Attendees and apologies

  • Maree Todd MSP, Minister for Public Health, Women’s Health and Sport

  • Richard Foggo, Director of Population Health, Scottish Government

  • Scottish Government officials

  • AB InBev    

  • Aston Manor Cider    

  • Beam Suntory                       

  • Brown-Forman                     

  • C and C Group    

  • Chivas Brothers

  • Diageo    
  • Glenmorangie              
  • Heineken UK    
  • Innis and Gunn     
  • Molson Coors    
  • Scotch Whisky Association     
  • Scottish Alcohol Industry Partnership    
  • Scottish Beer and Pub Association     
  • Edrington (remote)

Items and actions

The Minister thanked attendees for their time and opened the meeting with an explanation of the purpose of the roundtable. Officials then provided an overview of the consultation.

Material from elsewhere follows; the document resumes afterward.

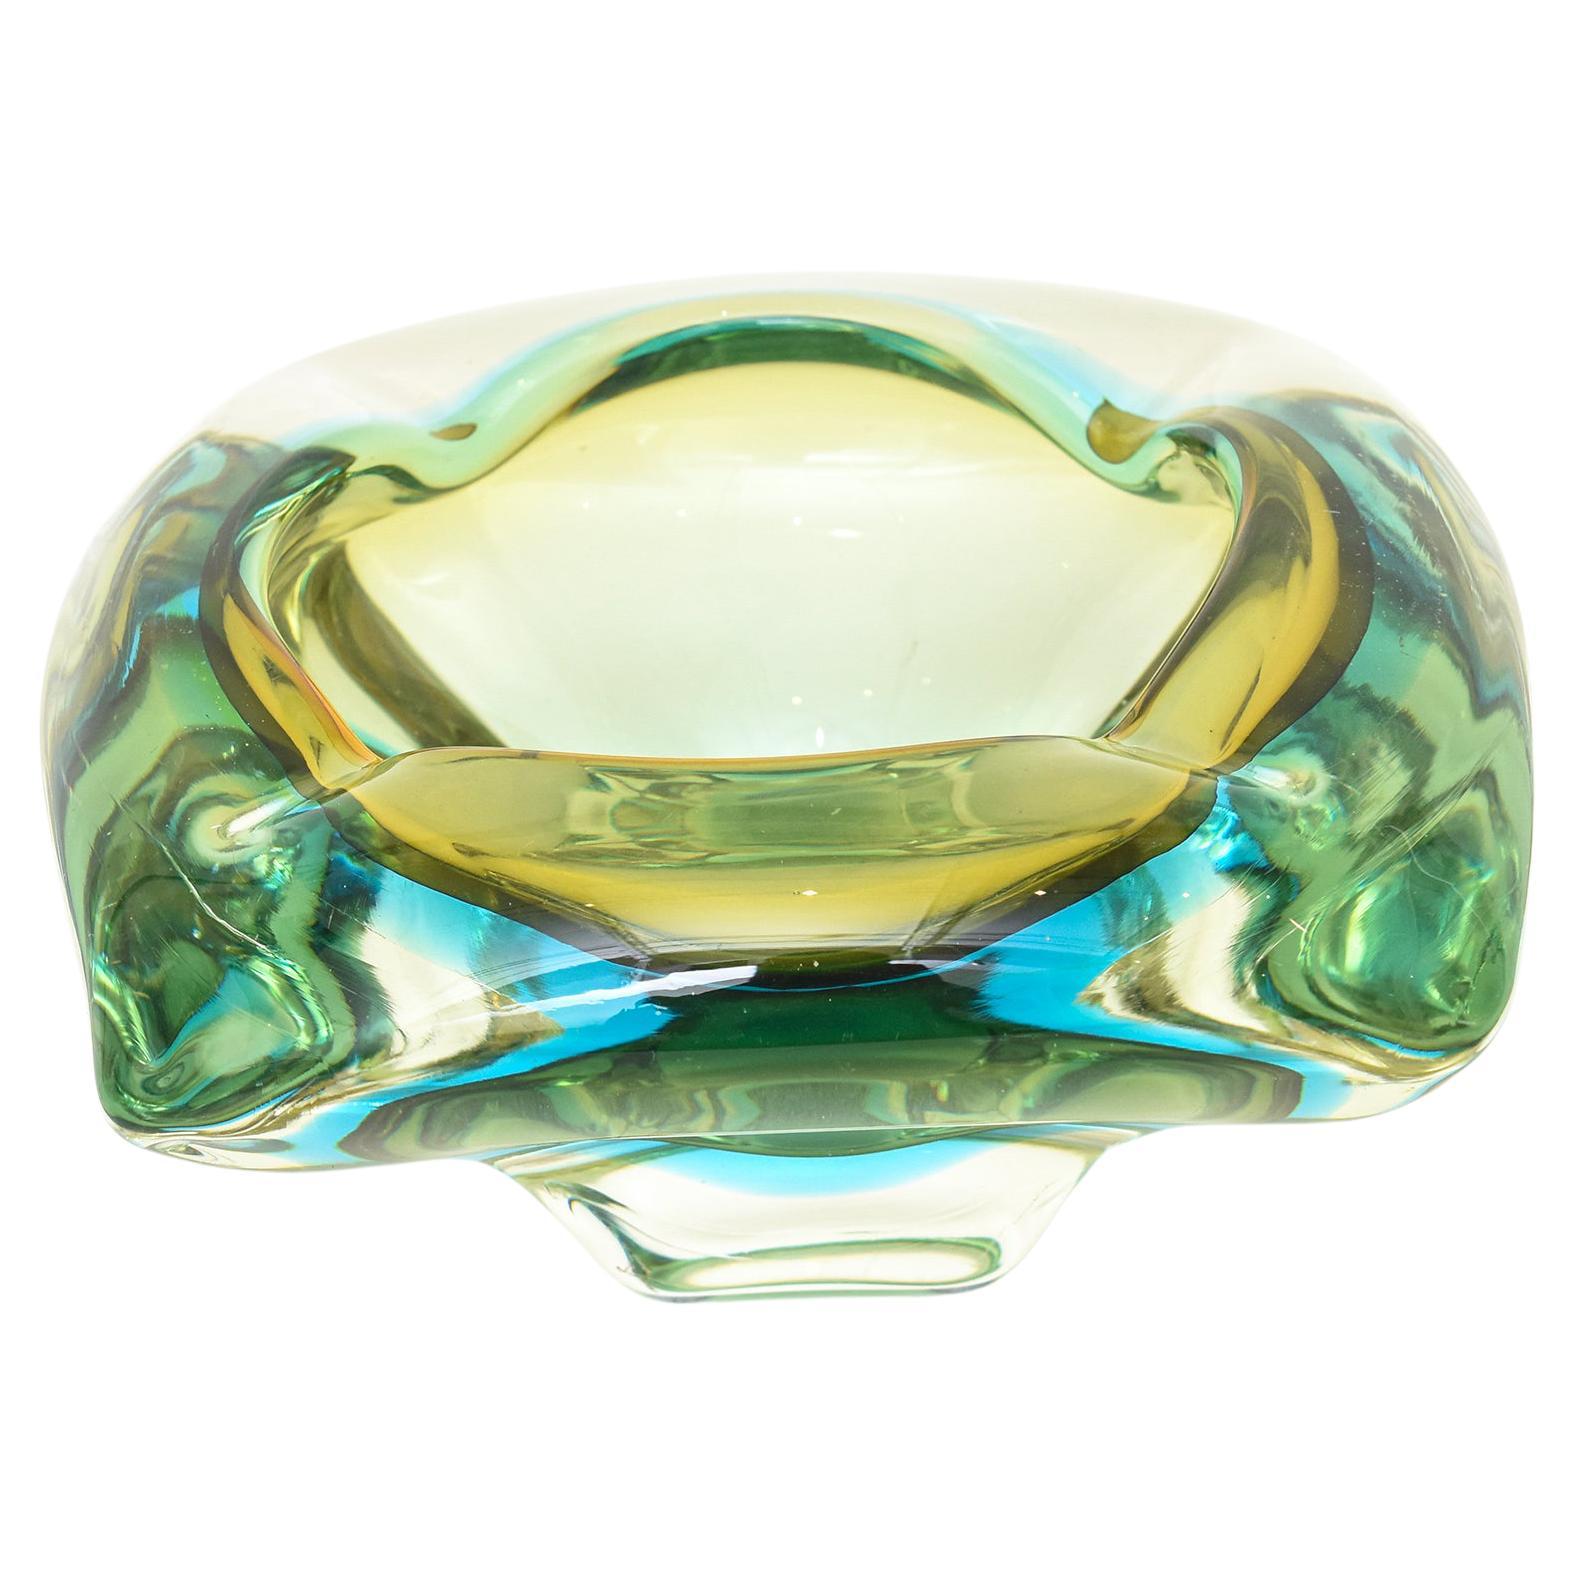 Flavio Poli Murano Sommerso Turquoise and Green Glass Bowl / Ashtray Vintage For Sale

Concerns were outlined by attendees that the consultation is far reaching and has led to deep concern from industry about the potential impact of proposals. Attendees noted that the current self-regulatory system is mandatory for all alcohol producers and, in their view, robust. 

The Minister highlighted the problem Scotland continues to have with alcohol harm despite the current self-regulatory system. Children and young people are highly exposed to alcohol advertising in Scotland.

The Minister noted that she has no intention of harming the alcohol industry and that the purpose of this consultation is to draw out all views to better understand any potential impacts of the proposals.

The Minister added that the consultation is an early first step prior to any proposals for potential restrictions.

Attendees acknowledged that recent figures (including alcohol specific deaths) were concerning, however, disagreed on restricting advertising being the best approach to tackle this. Attendees suggested a more targeted approach to the smaller cohort of harmful drinkers could be more effective than a whole population approach, which could have a number of unintended consequences on industry.

The Minister stated that any action to restrict alcohol advertising is not a silver bullet and that this forms part of a comprehensive approach including tackling poverty and providing accessible and high-quality alcohol treatment. 

The Minister stated that restricting alcohol advertising and promotion is one the World Health Organization’s three most cost-effective interventions to prevent and reduce alcohol-related harms.

Attendees noted that recent figures show children and young people are drinking less, despite alcohol advertising spend increasing, but were disappointed that this was not reflected within the consultation.

The Minister stated that the Scottish Government (SG) are happy to look at all evidence and that it would be useful if attendees could share data to ensure that all potential economic impacts are well evidenced. The SG can then take account of this in looking to any next steps.

Attendees highlighted concerns about being asked to declare any interests with the alcohol industry and asked why this had been included in the consultation. 

Officials stressed that this was an administrative point and that there is no hierarchy of responses or voices. No changes could be made to the consultation question at this stage but their concerns would be taken into account for future consultations.

Attendees raised the potential impacts that proposals could have on local communities (e.g. local sports team sponsorship or employment opportunities), as well as social and cultural impacts across Scotland.

Attendees were concerned about the possibility of displacement of alcohol sponsorship to other industries that has the potential to cause more harm (e.g. social media industry). 

The Minister urged stakeholders to respond in full to the consultation highlighting these potential impacts and committed to engaging with attendees post-consultation.

The Minister said that economic data from attendees would help to better understand potential economic impacts of proposals but understood the issues around commercial sensitivities.

SG officials to provide information on sources of evidence within the consultation.